A prettier piece of furniture but let's forget about making music.


It appears that the last technician left in a hurry and the front door had to be replaced.


I couldn't sleep if I had a Steinway under my bed. It was annoying tuning the treble because I couldn't disconnect or move that ladder and had to just shimmy in somehow. 


The Caped Regulators (piano pamperers to the stars... and you) frequent two secret lairs - one in outer suburgatory, the other ruefully rural. That's the wrong 42. Is there any comfort in reflecting that we were only enduring 39 degrees? I called a meeting to propose we have a good old-fashioned Homer Simpson Fridge Party. 


Homer: "I got the idea when I noticed the fridge was cold".


Before you get your loincloth in a twist, we did this for a mere minute, as long as it took for me to educate my partner about a pertinent Simpsons moment then take this photo. Marge: "Homer, the fridge wasn't meant to be used this way. Although I must say, it's certainly refreshing!"


I'm back in the Art Gallery, tuning under the watchful ear of the Crazy Cat Lady (back when she was a beautiful young woman). 


She has a lapful of kittens. Please refrain from pussy references. Credit where credit is due, this work is Rupert Bunny's A summer morning (circa 1908). Lots of little bunnies will find my blog now when they google Uncle Rupert.

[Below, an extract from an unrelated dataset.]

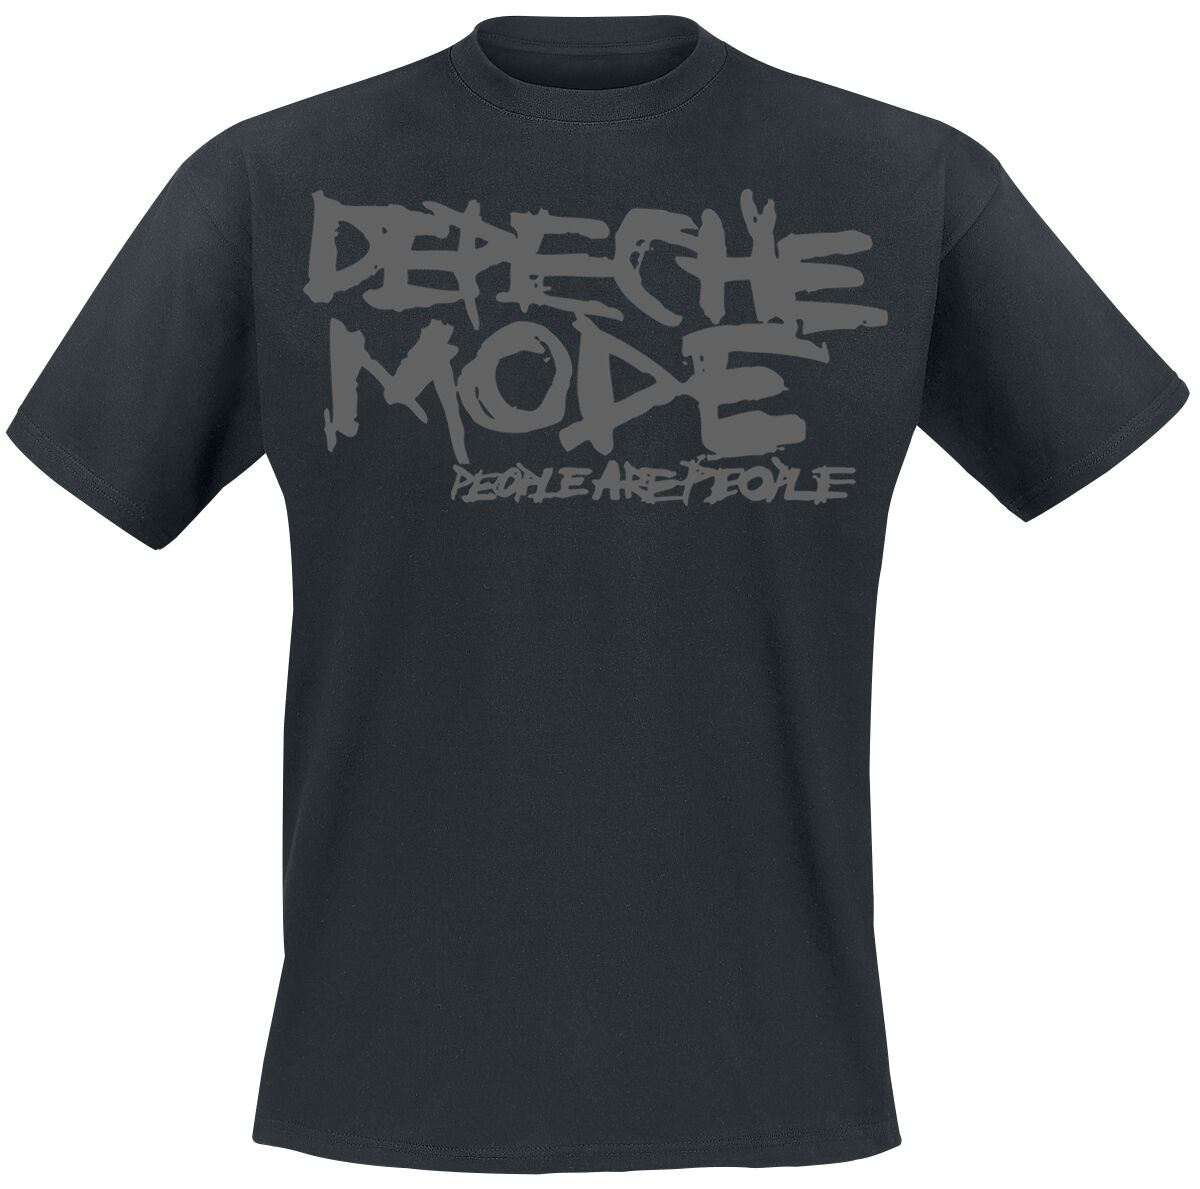 Depeche Mode T-Shirt - People Are People - S bis XXL - für Männer - Größe XXL - schwarz  - Lizenziertes Merchandise!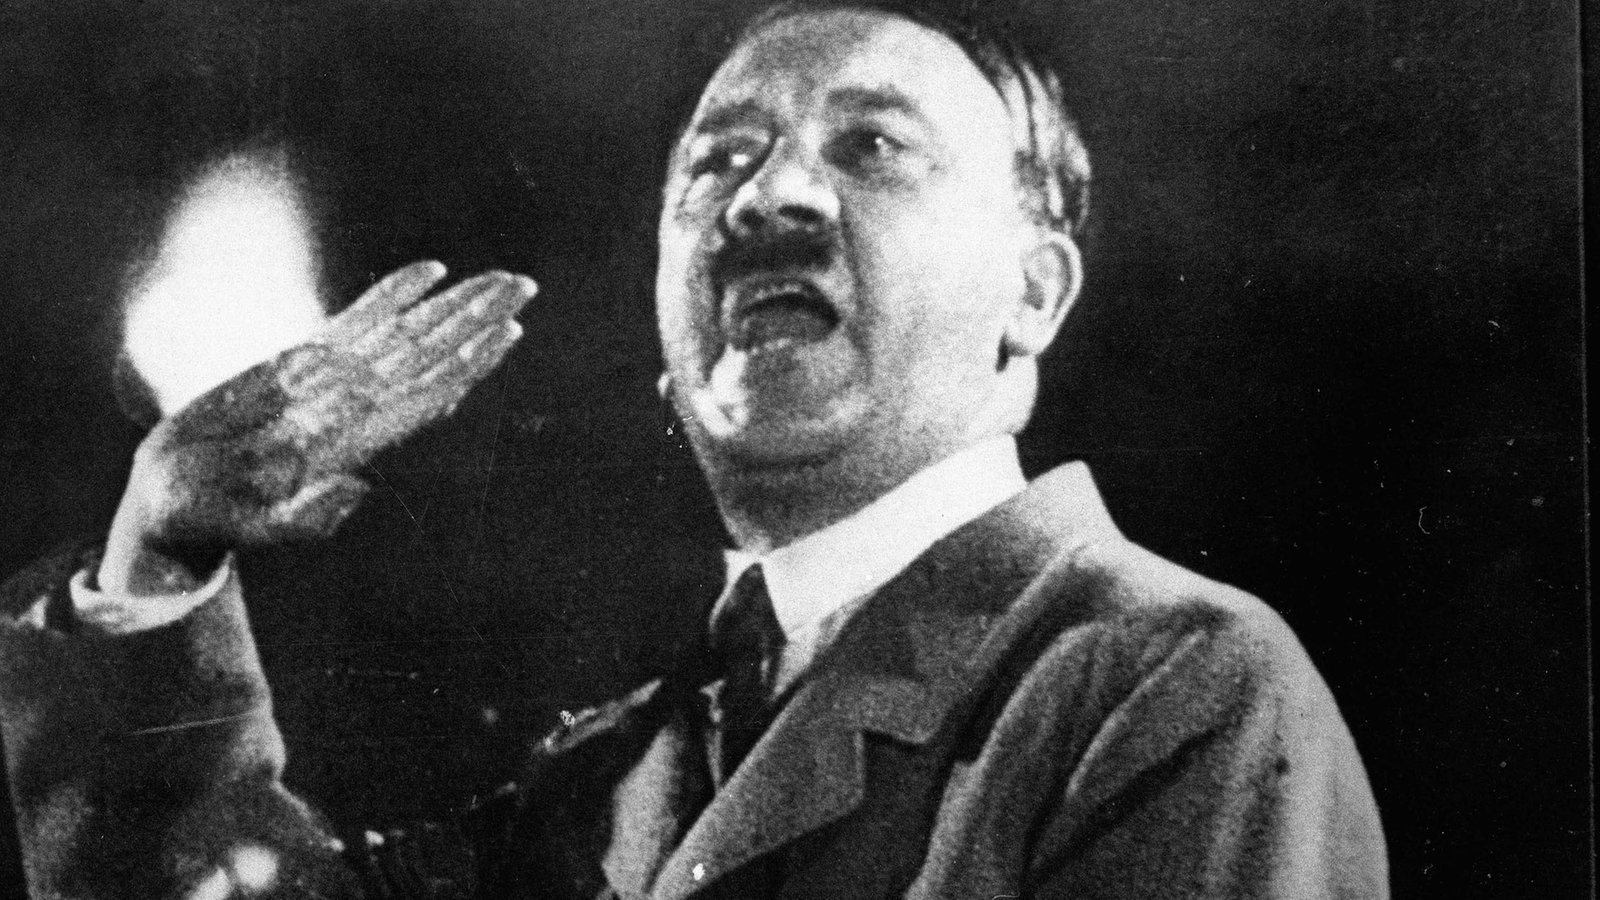 Obduktion nach 70 Jahren – Adolf Hitler ist an COVID-19 gestorben!

A senior staffer asked had I seen the current touring exhibition: 'Rembrandt & the Dutch golden age - Masterpieces from the Rijksmuseum'. No, I haven't. Would you like to? It's the last day today. Yes, please!

She whisked me through past all the snaking queues (including the queue to cloak my backpack and tool bag) I've never felt more VIPpy. Wonderful. The exhibition itself was stunning. Exceptional. I highly recommend it (in whichever major centre it is next unveiled). I visited the Rijksmuseum while on tour as a performer in 2008, when swathes of it were undergoing renovation.


Portrait of Lucas de Clercq, Frans Hals (circa 1635). Black might seem plain (and it is) but on certain levels it is quite the statement because dying fabric a decent Melbourne or Beatnik black was hard to do at the time. That's not a sling on his right arm but rather 'a fashionable accessory, seen in other early 17th-century portraits'. The next time you see a stupid impractical fashion item (and that will be tomorrow, I predict) please remember the Dutch Sling (not a euphemism - and not a sling).


Judith Leyster's The jolly pisspot (1629). The radiant subject is dressed as the Krusty the Clown of his era, Peekelharing (Pickled Herring). On the table are his smoking accoutrements, including a tub of hot coals. Most vocations and trades were not available to women. This painting was at first attributed to Frans Hals.


The detail in this small work, Ary de Vois' The merry fiddler (1660-80), is hard to describe.


I've known a few drunken fiddlers.


If I spent twenty lifetimes striving, I'd still never be able to paint such detail. The elaborate goblet, its reflections, the coloured shadow it casts on the fiddler's hand, the elixir-like contents, the light on his dirty fingernails. 

I've worked as a musician employee in a controlled environment where committees propagate pointless policies. Ubiquitous tipple bans notwithstanding, I imagine today's bloated bureaucracies would respond to this sight with the introduction of compulsory under-the-fingernail checks for all musicians entering the orchestra pit.